House debates
Tuesday, 20 March 2012
Questions without Notice
Carbon Pricing
2:24 pm
Ewen Jones (Herbert, Liberal Party) Share this | Link to this | Hansard source
My question is to the Prime Minister. Is the Prime Minister aware that Townsville ratepayers will have to pay an extra $5 million each year because of her carbon tax? I refer the Prime Minister to the comments of the Mayor of Townsville, Les Tyrell: 'Any compensation will fall well short, and councils across Australia may be faced with the dilemma of either pulling back on services or raising rates.' What does the Prime Minister advise the mayor to do: cut services or raise rates?
Julia Gillard (Lalor, Australian Labor Party, Prime Minister) Share this | Link to this | Hansard source
In the first instance, what I would advise the mayor to do is ask the member for Herbert why he voted against the Townsville Ring Road project, which will be funded through the proceeds of the minerals resource rent tax and why he has voted to deny the people of his electorate up to $160 million in extra infrastructure. That is what I would suggest that the local mayor ask the member—
Ewen Jones (Herbert, Liberal Party) Share this | Link to this | Hansard source
Mr Speaker.
The SPEAKER: The honourable the Prime Minister will resume her seat. Any honourable member is entitled to take a point of order. The member for Herbert is seeking my attention for this purpose, and he is now given the call.
Mr Speaker, I rise on a point of order on direct relevance. I do not know what any of this has to do with whether the mayor can raise rates or cut services—one or the other. It is a very simple yes-or-no question. If the Prime Minister cannot answer it she should probably sit down.
The SPEAKER: The honourable member is a new member. I will determine whether the Prime Minister is sat down or not and not the honourable member for Herbert. The Prime Minister will obviously be directly relevant.
Julia Gillard (Lalor, Australian Labor Party, Prime Minister) Share this | Link to this | Hansard source
Once again, I say to the member for Herbert that he has got a lot of explaining to do. The Townsville Ring Road was voted against by the member for Herbert. On the question of carbon pricing, I would advise the local mayor to get the facts about carbon pricing that are available to local councils. Because as well as voting against infrastructure in his electorate the member for Herbert is engaged in the Leader of the Opposition's fear campaign, he would of course have avoided any of the facts.
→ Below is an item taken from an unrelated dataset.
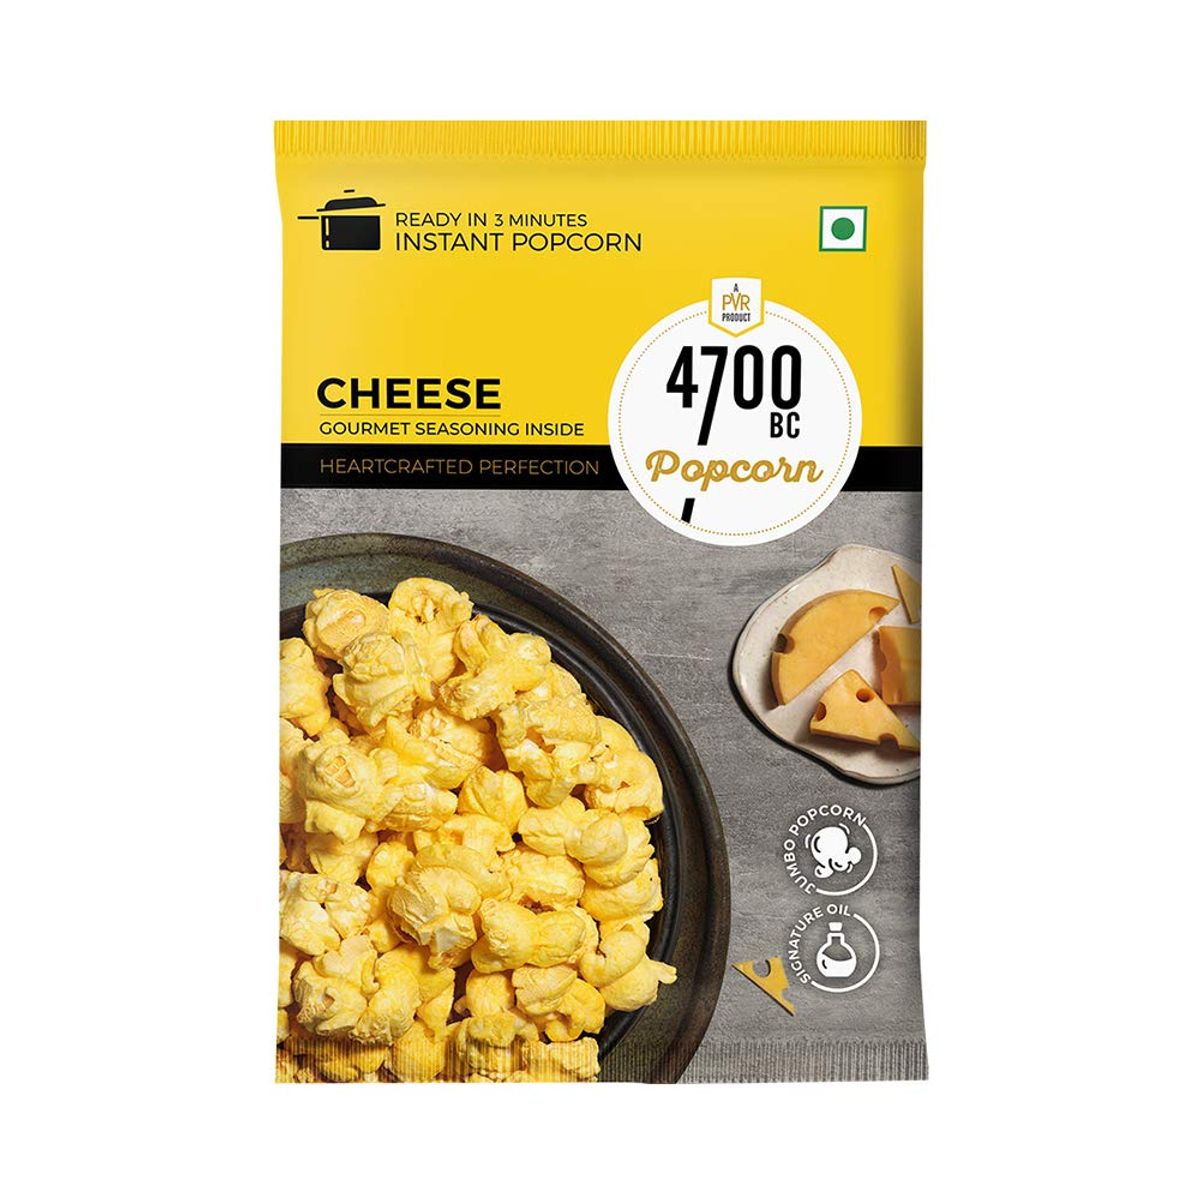 4700 BC Cheese Instant Popcorn Image

The facts are these: the impact on the cost of living has been modelled by Treasury at 0.7 per cent, people will receive in their hands additional money—pension payments, family payments, tax cuts—and any impact on local councils has been factored into those figures. The member for Herbert should get those facts to his local council.
When the member for Herbert is thinking about the impact on his community of the needs of our future economy, which includes a clean energy future in which we are sharing the proceeds of the resources boom, he might also like to talk to the local mayor about how to get to a clean energy future in the cheapest possible way—that is, with the government's plan, not the Leader of the Opposition's plan—and he might want to talk to the local mayor about how good it would be for local economic activity if businesses large and small got a tax cut. That is our plan, and the member for Herbert is opposed to it, alongside the Leader of the Opposition. He might also ask the local mayor how he would feel about the ratepayers—working people, people with families, pensioners—receiving extra money, because under our government they will and the Leader of the Opposition wants to rip that money out of their hands.
Townsville is a regional city which has an economy that is going well, and that is fantastic. But economic growth brings pressures for infrastructure and, through the minerals resource rent tax, we are in a position to fund vital infrastructure that the member for Herbert is opposed to, even though the people who live in his constituency will be using it.
2:28 pm
Tony Abbott (Warringah, Liberal Party, Leader of the Opposition) Share this | Link to this | Hansard source
Mr Speaker, my supplementary question is to the Prime Minister. Will the Prime Minister apologise to the ratepayers of Townsville and ratepayers all around Australia for saying before the election, 'There will be no carbon tax under the government I lead' and betraying that promise to save her political skin?
The SPEAKER: The supplementary question is ruled out of order.